ページその12 再会、一人と二人。
「く・・・クルマ君・・・」
掠れたようなその声に、目の前の彼は見向きもしません。
港町に向かう途中。僕はこの世界の脅威。骸獣に囲まれてしまいました。
もしかしたら、僕が警戒をちゃんとしていればその現実は訪れなかったかもしれない。もしも、それ以前に骸獣に一目でも出くわして、危ないという認識を抱いていれば防げたかもしれないその事態。
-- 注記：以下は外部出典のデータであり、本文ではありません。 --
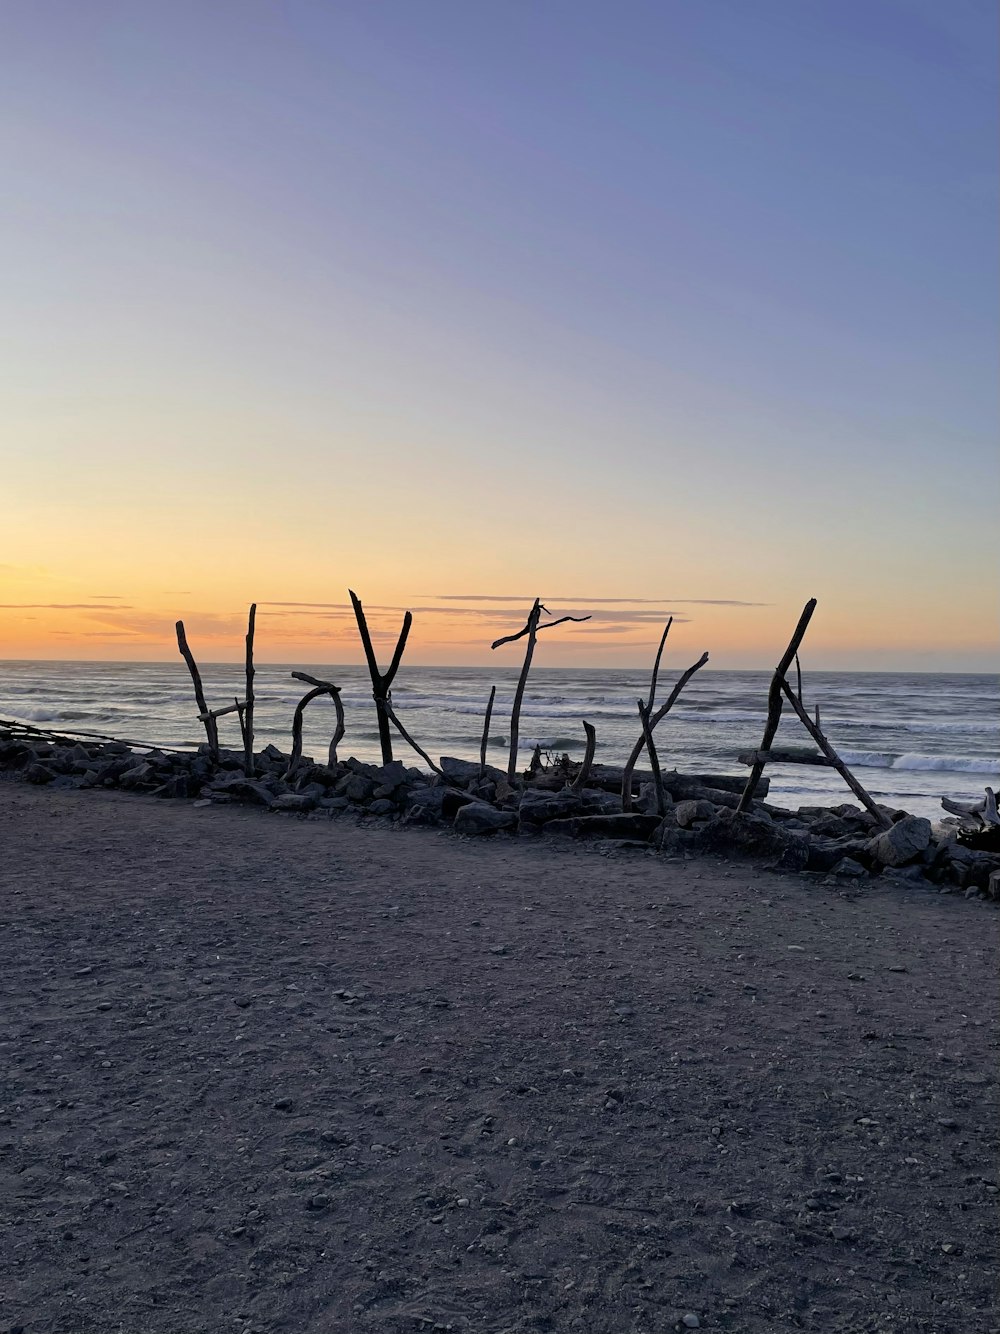 a beach at sunset with driftwood on the shore

しかし、現実。起きてしまったものはしょうがありません。
それに、どうやら僕は死ぬのだけは。まぬがれたようです。
親を、骸獣を、そしてカネコさんを見殺しにしておきながら、僕は自分が死ぬのは嫌だと思うのです。
ええ、カネコさんは僕が殺したようなものでしょう。
あの日、あの時、あの場所で。
僕はカネコさんを見殺しにしたのです。助けられた。けど、助けなかった。意図的に。
これが、見殺しでなくて何だというのでしょう。
「あっはああああああははは!!」
目の前では、そんな僕の思考とは裏腹に、残虐な殺しが行われていました。
叫び笑うクルマ君と、そのクルマ君になぶり殺しにされる骸獣。
圧倒的で、一方的でした。
クルマ君は、真っ白い服に身を包みその真っ白の服が真っ赤に染まるほど、血を浴びていました。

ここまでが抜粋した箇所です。